One of my first challenges was to encourage staff that their key concern had to be the patients. Many of the employees were more interested in their own concerns. In other words, they were not customer focused. They had come to see our patients as a problem (non-adherent, poor health habits, less important than their own priorities), not their service client. Over the first year we changed that by instituting intensive training programs, customer satisfaction surveys, and performance evaluations. Employees who couldn’t make the switch were asked to leave. 50 of the 55 of them did.

Also we had to train the physicians to understand the concept of comprehensive, coordinated, integrated care. This was not just our primary care physicians who worked in the clinic, but also our specialists to whom we referred patients. We needed to train the specialists that we weren’t just referral sources; we were partners in the health care of our patients. We wanted to maximize convenience and quality care for patients, which often meant providing service to patients at one visit in the location they knew – the primary care clinics. And we wanted all non-emergency decisions to be made in partnership between the primary care physicians and the specialists.

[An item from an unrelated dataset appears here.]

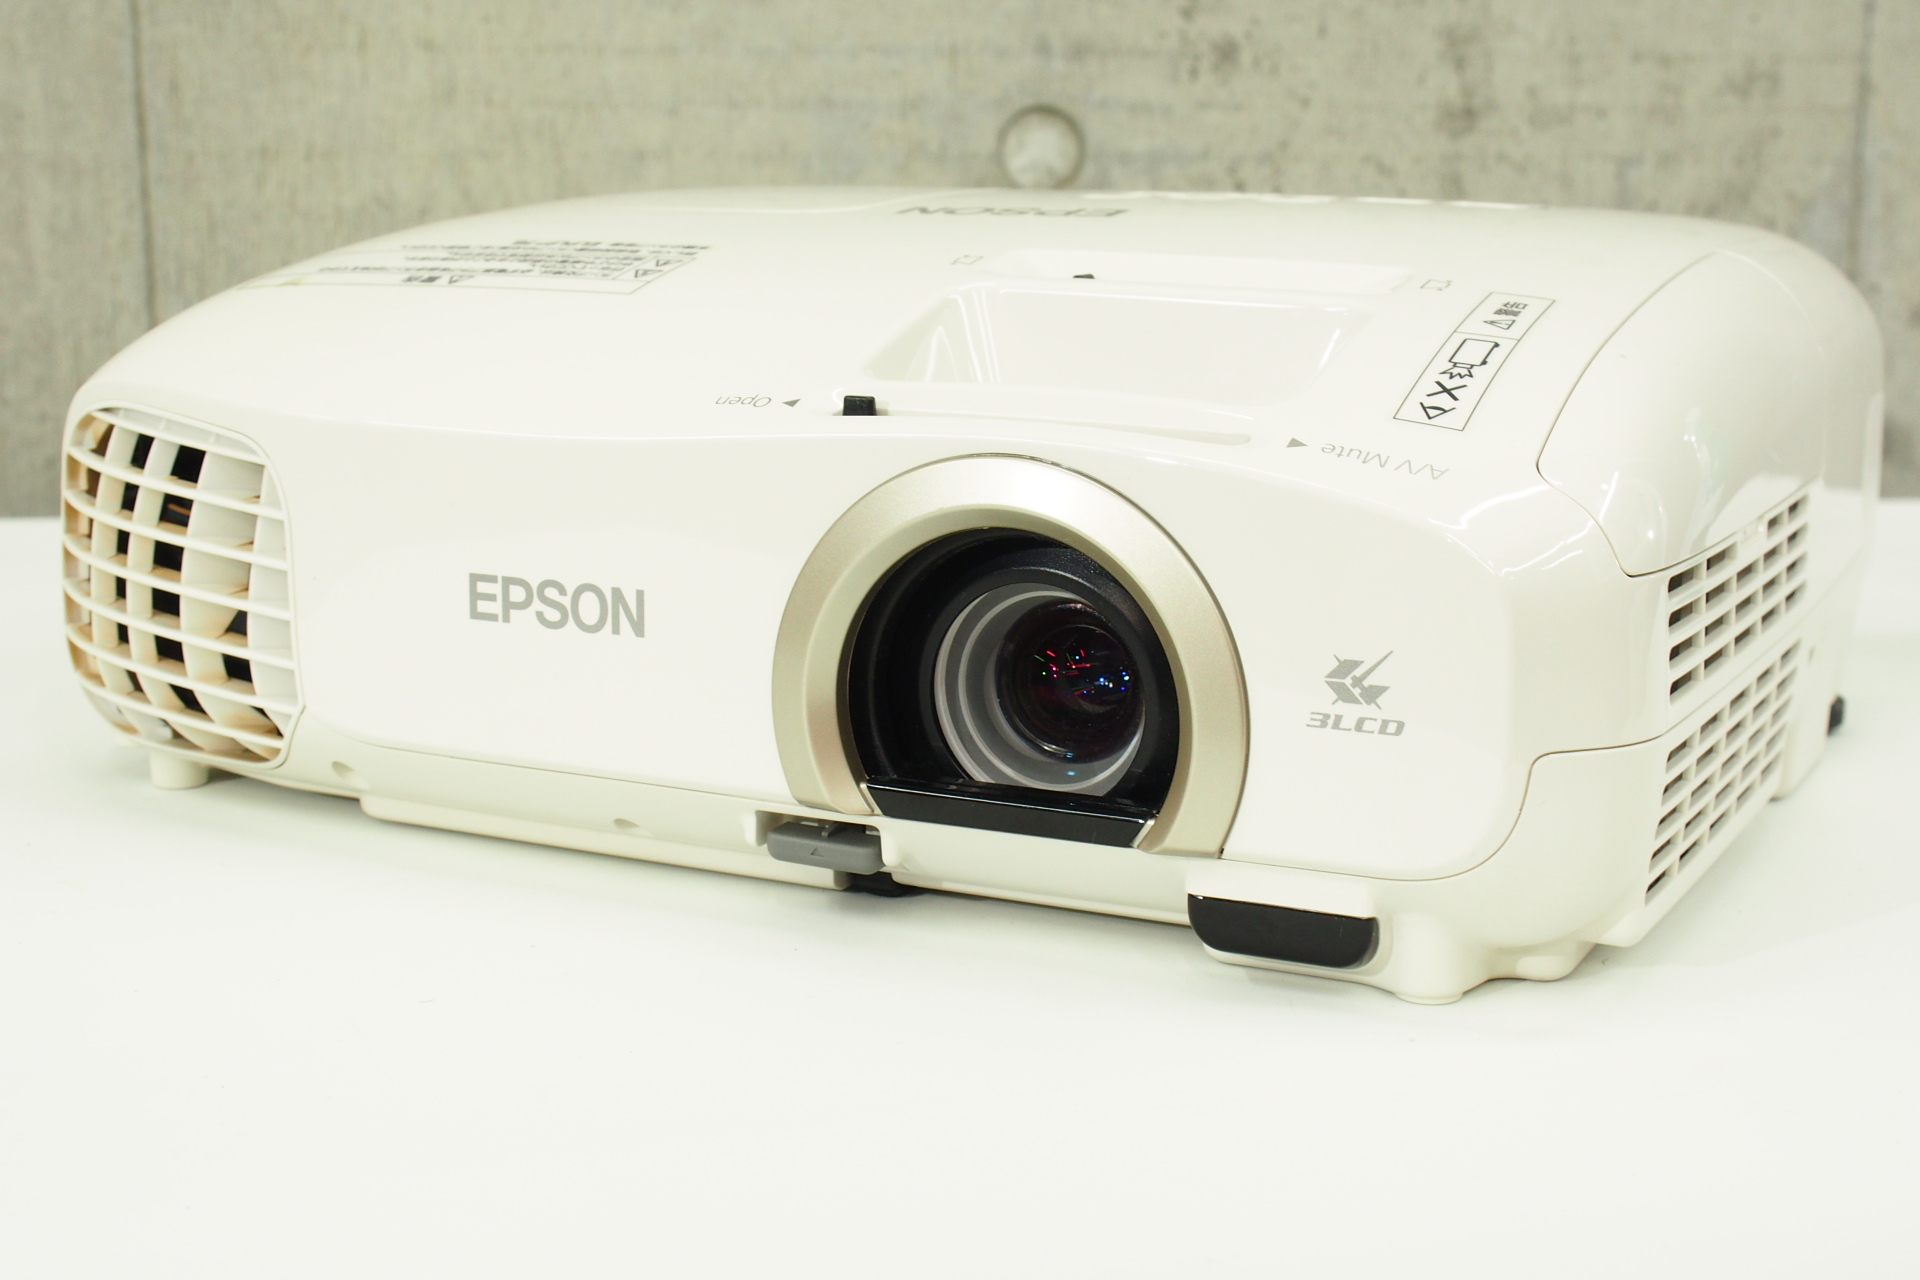 EPSON EH-TW5350 & HDMIケーブル付 - プロジェクター
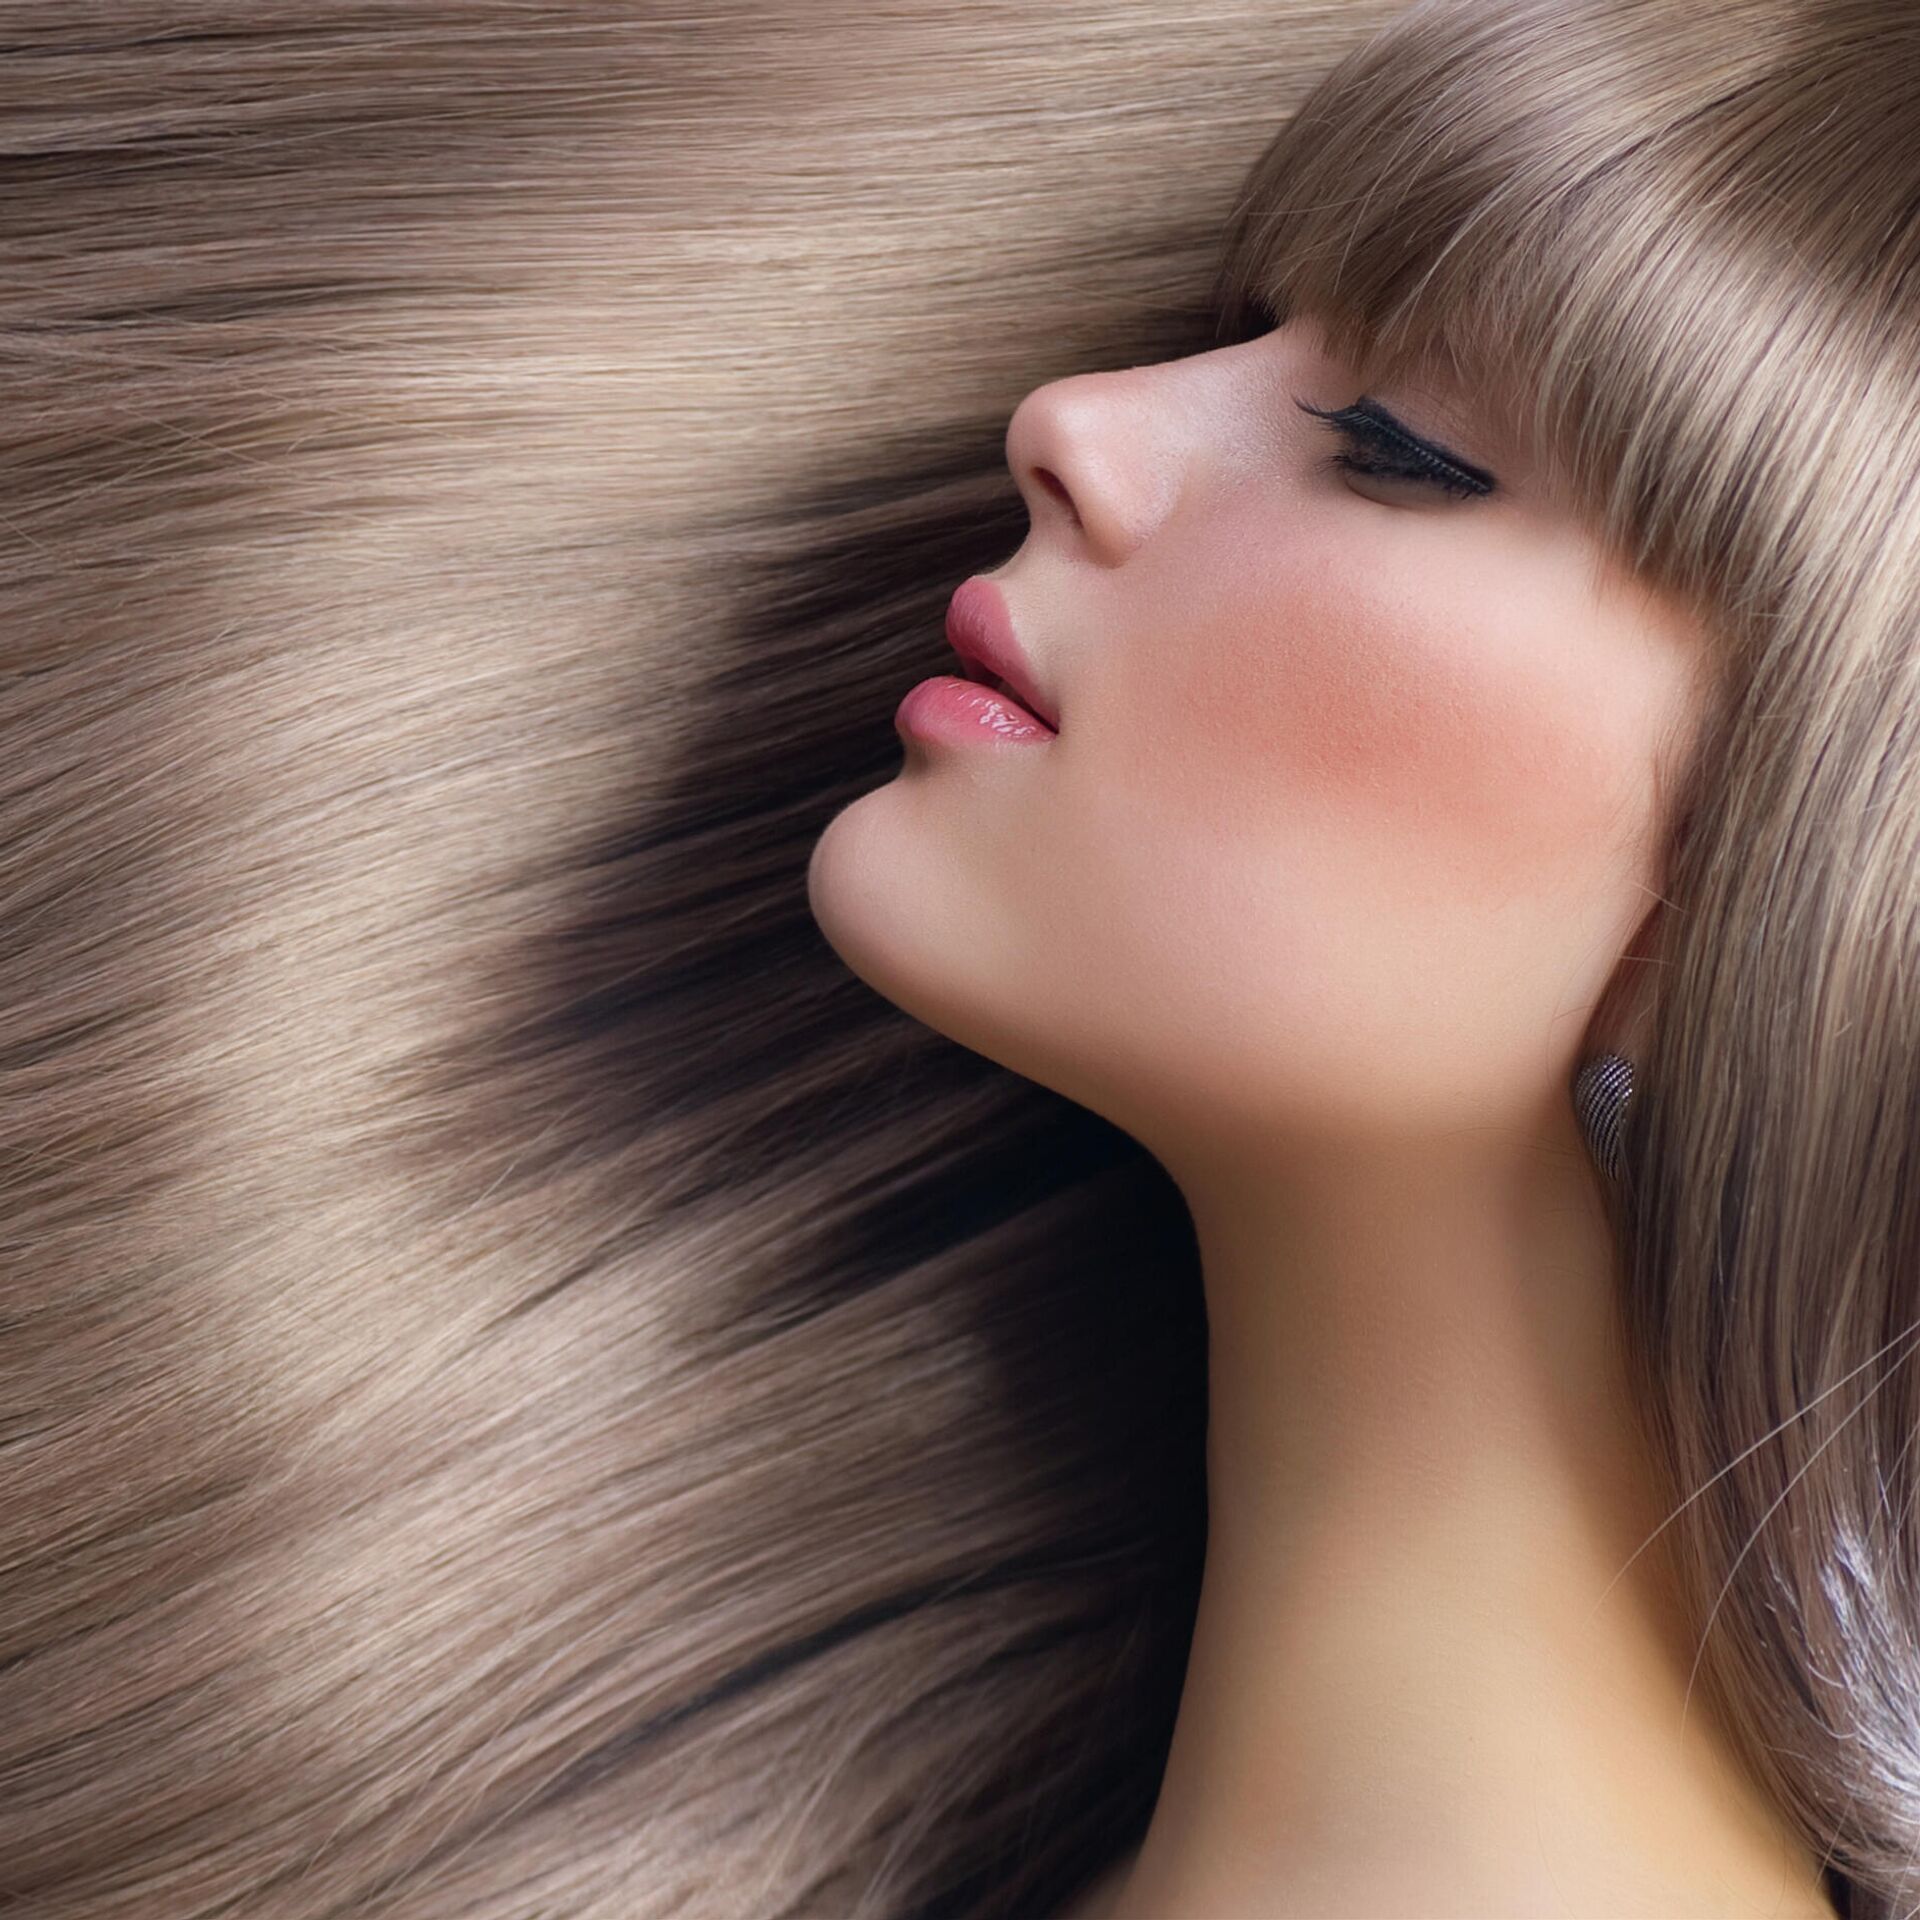 Укрепление волос в домашних условиях: лучшие рецепты и эффективные способы

Changing physician practice patterns is not easy. It takes daily review of practice habits by questioning medical leadership. It needs to be done collaboratively, and at the same time with a firm managerial hand. It requires training physicians to think differently from the way they are trained in residency. It requires a bit of humility on the part of physicians – they need to understand that they can continue to learn new competencies while they are practicing; they need to rely on their colleagues who may have complementary skills; and they need to broaden their creativity skills.

At the same time we needed to provide the physicians and staff with a feeling of personal control. While we implemented strong and strict performance standards for patient satisfaction (and quality control), we also provided the physician staff with greater control over their workday patterns – providing schedule flexibility and teamwork models to increase workflow efficiency.

All of this is in saying that the November 2 Atlantic Monthly article, “The Quiet Health Care Revolution” was a pleasure to read. Finally there are some places getting it right.

The danger is, of course, that once the larger insurer, Wellpoint, gets its hands on it it might be corporatized without the ability for continuing intrapreneurship. I say this with some experience. For several years in the late 1980s and 90s I was medical director at Aetna, where I also headed a strategic investment unit. We looked at acquiring certain companies that might have let us do this same kind of work but without the medical ownership. My supervisor at the time was a wise man who had been with Aetna for a long time. He nixed more than one potential acquisition of an innovative and creative company of entrepreneurs because of his fear that “Aetna will destroy this” by requiring bureaucratic policies to be implemented that would stifle competitiveness and innovation in efficiency and effectiveness of care.

Alan Hoops is a smart fellow. I hope he’ll be able to avoid too much corporatization of CareMore, and will recognize that the essence of improvement in the health care system requires strong and close physician management and creativity.